● PROVIDED DATA:
⟨
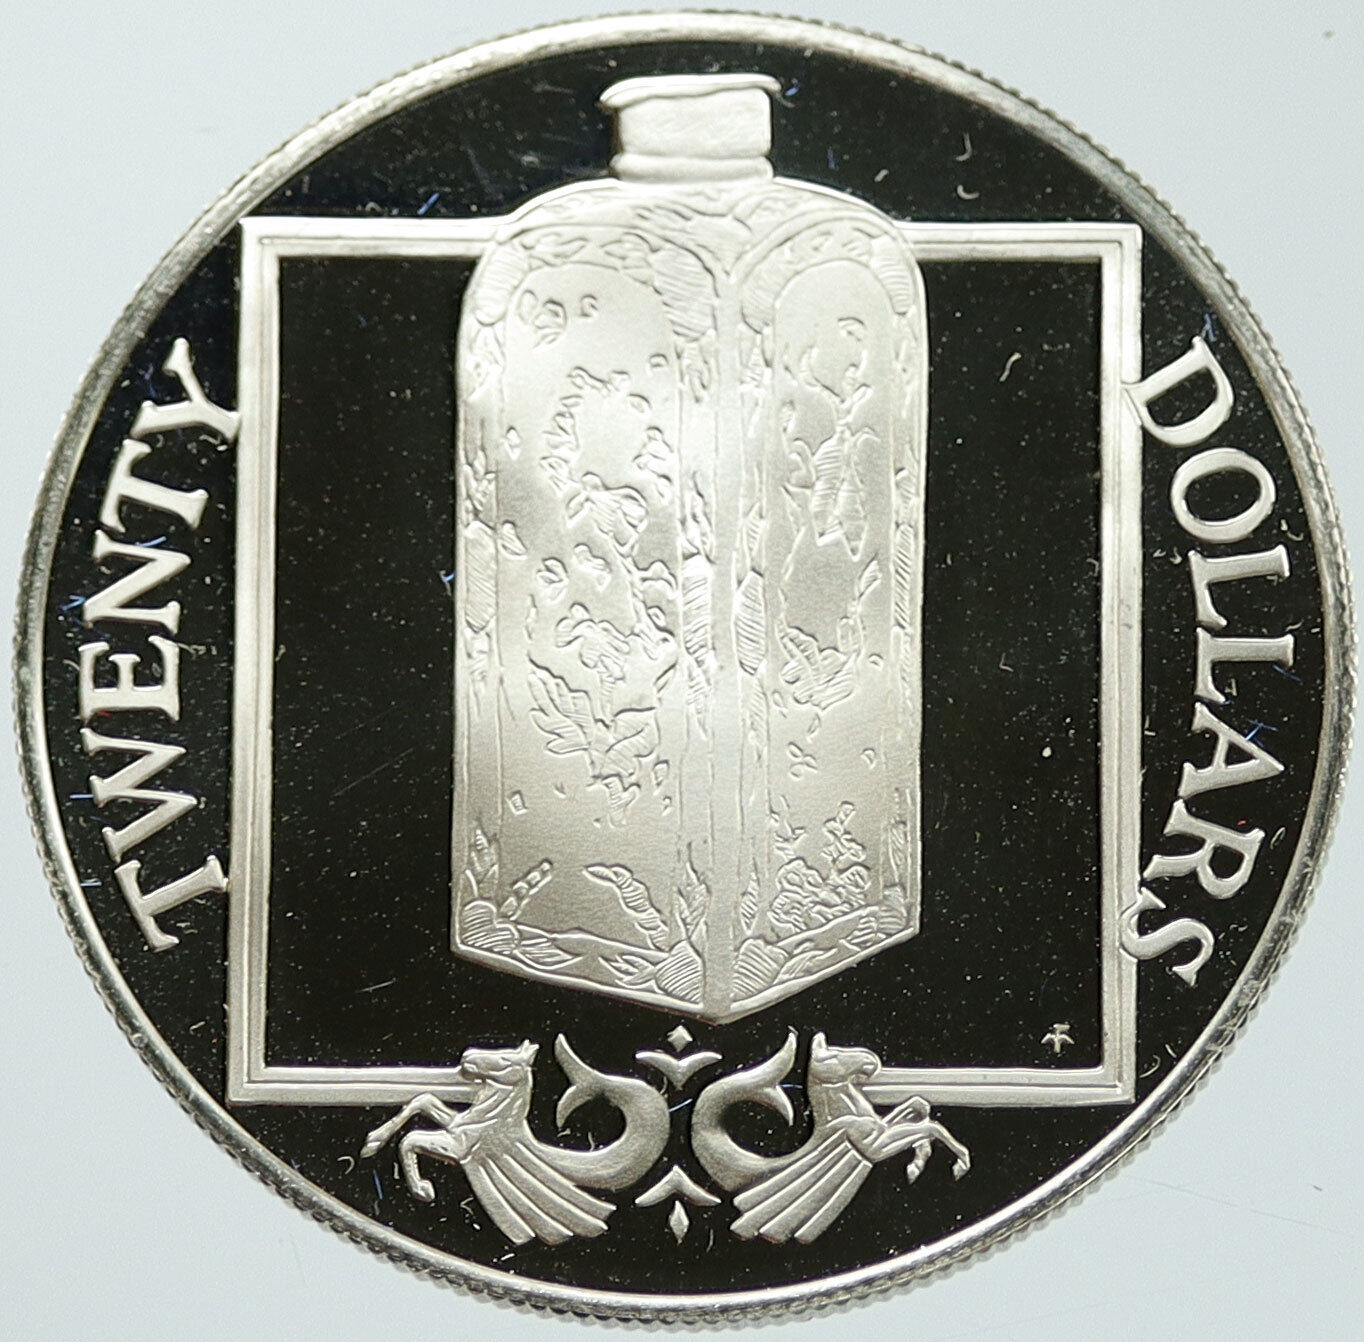 1985 British Virgin Islands Ship Treasure BOTTLE Proof Silver $20 Coin i116845
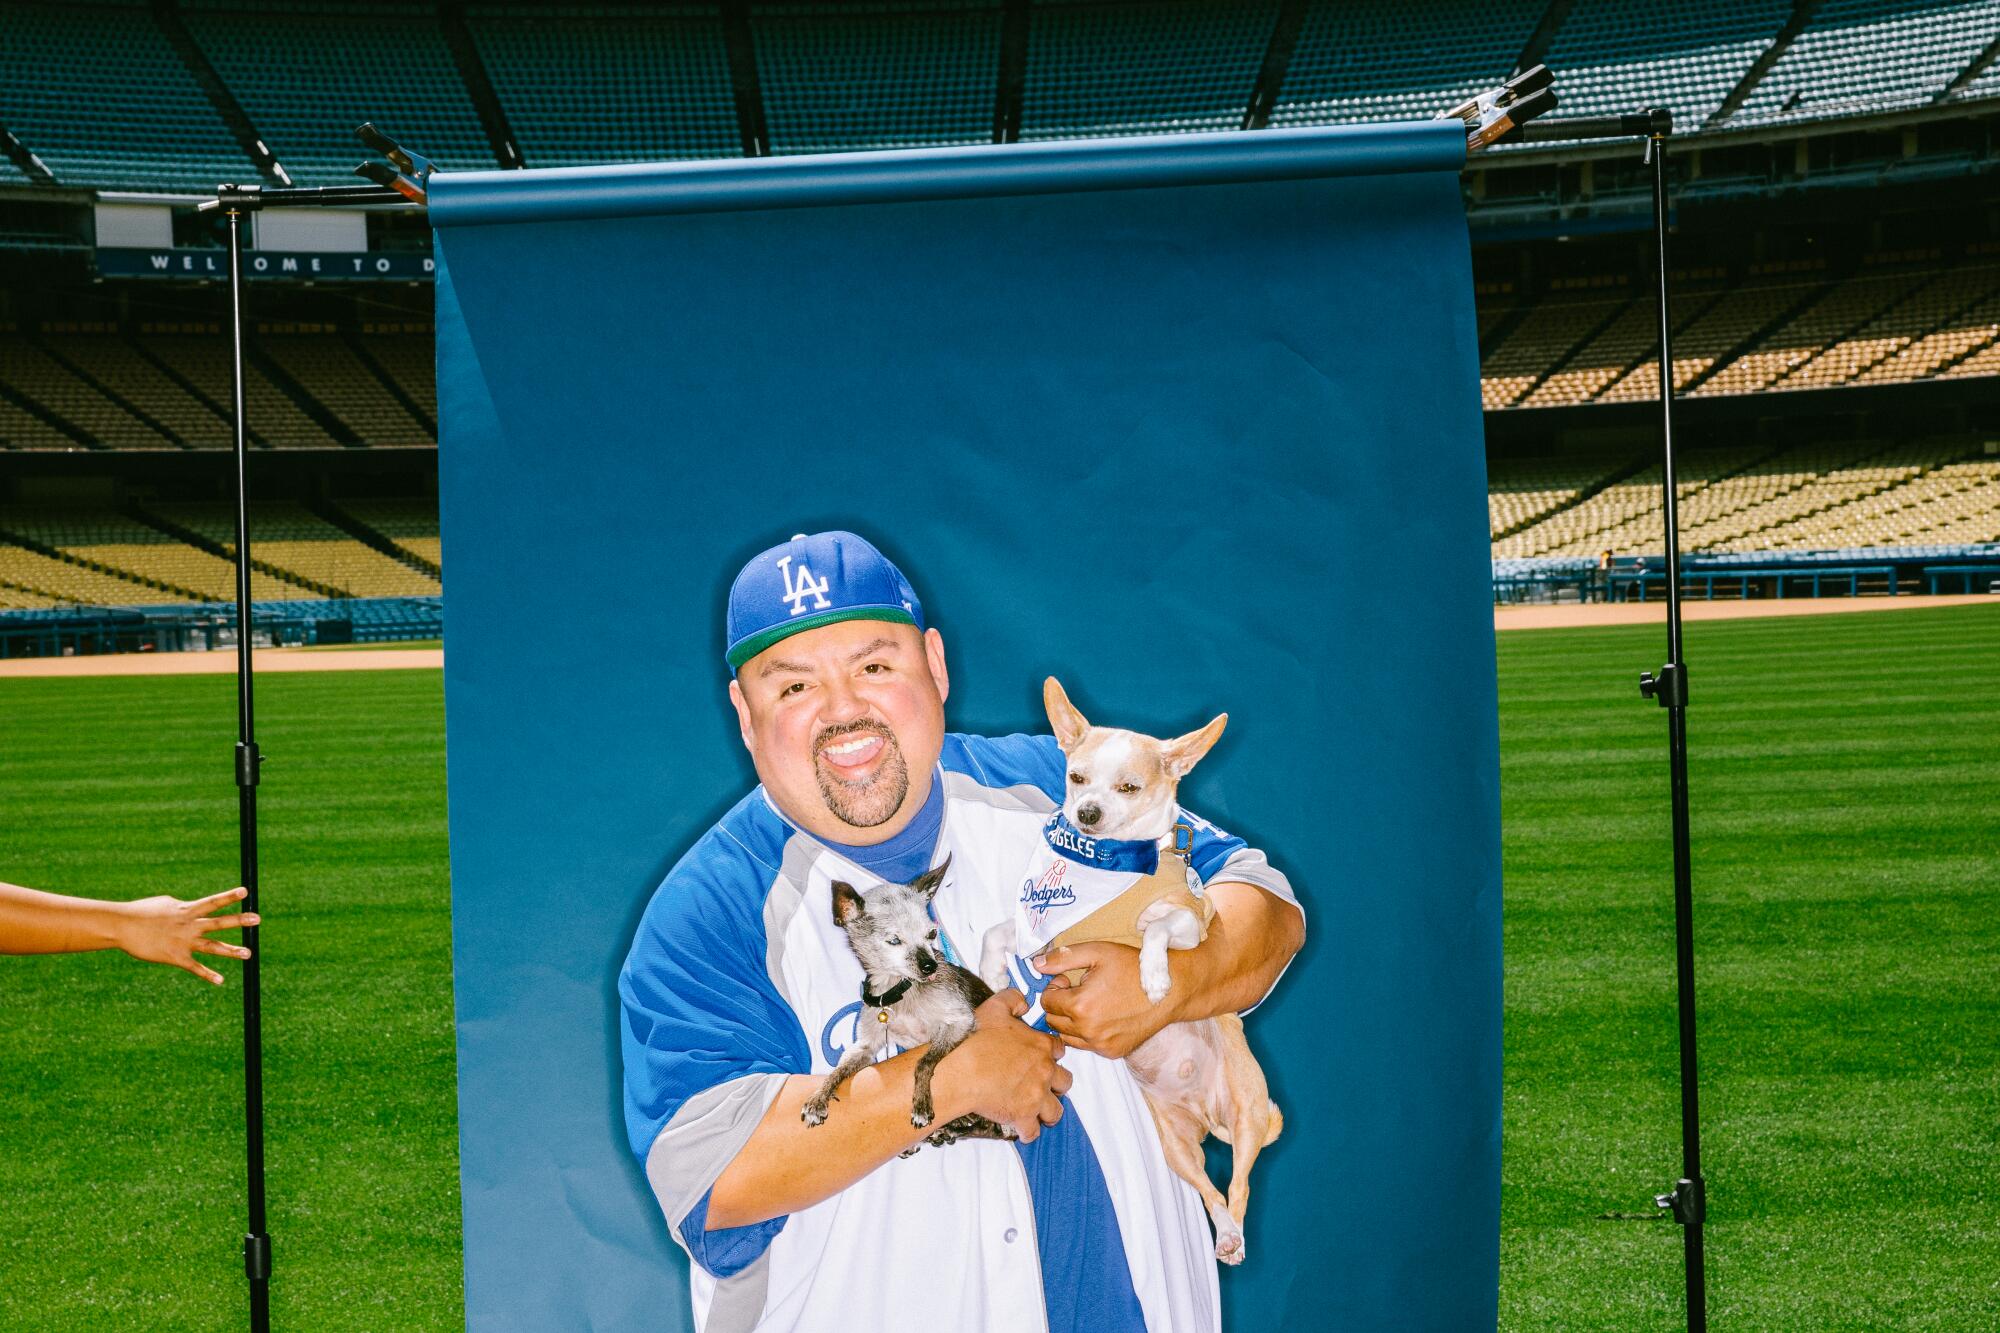 WATCH: Gabriel Iglesias Comedy Special at Dodgers Stadium Gets
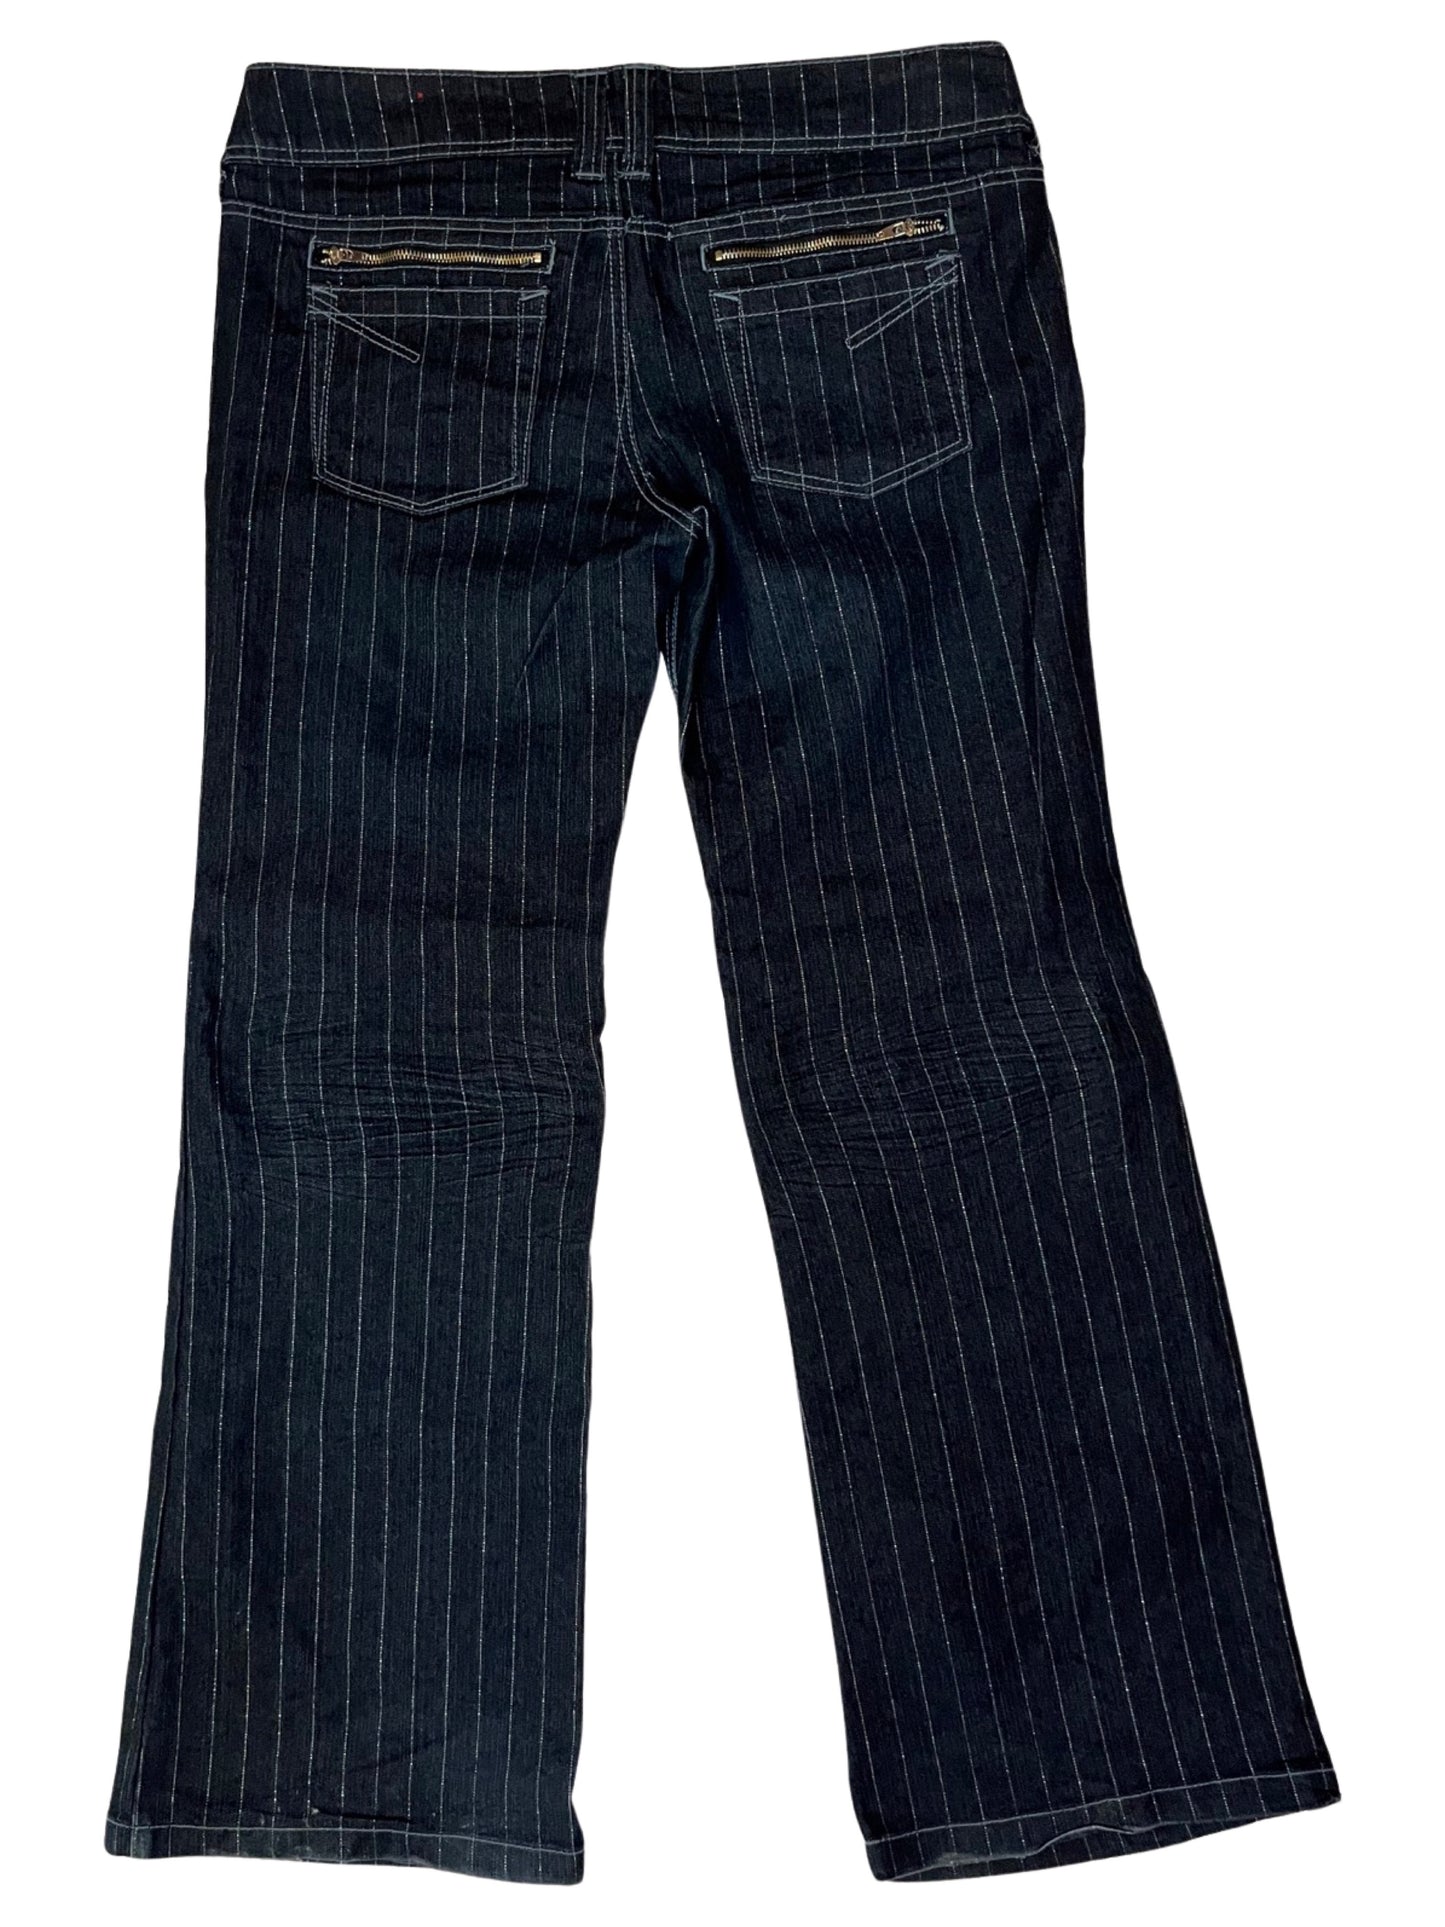 Low Rise Metallic Stripe Denim Pants
⟩
● HOW TO COMPLETE THIS TASK: Retype the listing above exactly, pictures excluded.

● RESPONSE TO THIS EXERCISE:
 1985 British Virgin Islands Ship Treasure BOTTLE Proof Silver $20 Coin i116845
 WATCH: Gabriel Iglesias Comedy Special at Dodgers Stadium Gets
 Low Rise Metallic Stripe Denim Pants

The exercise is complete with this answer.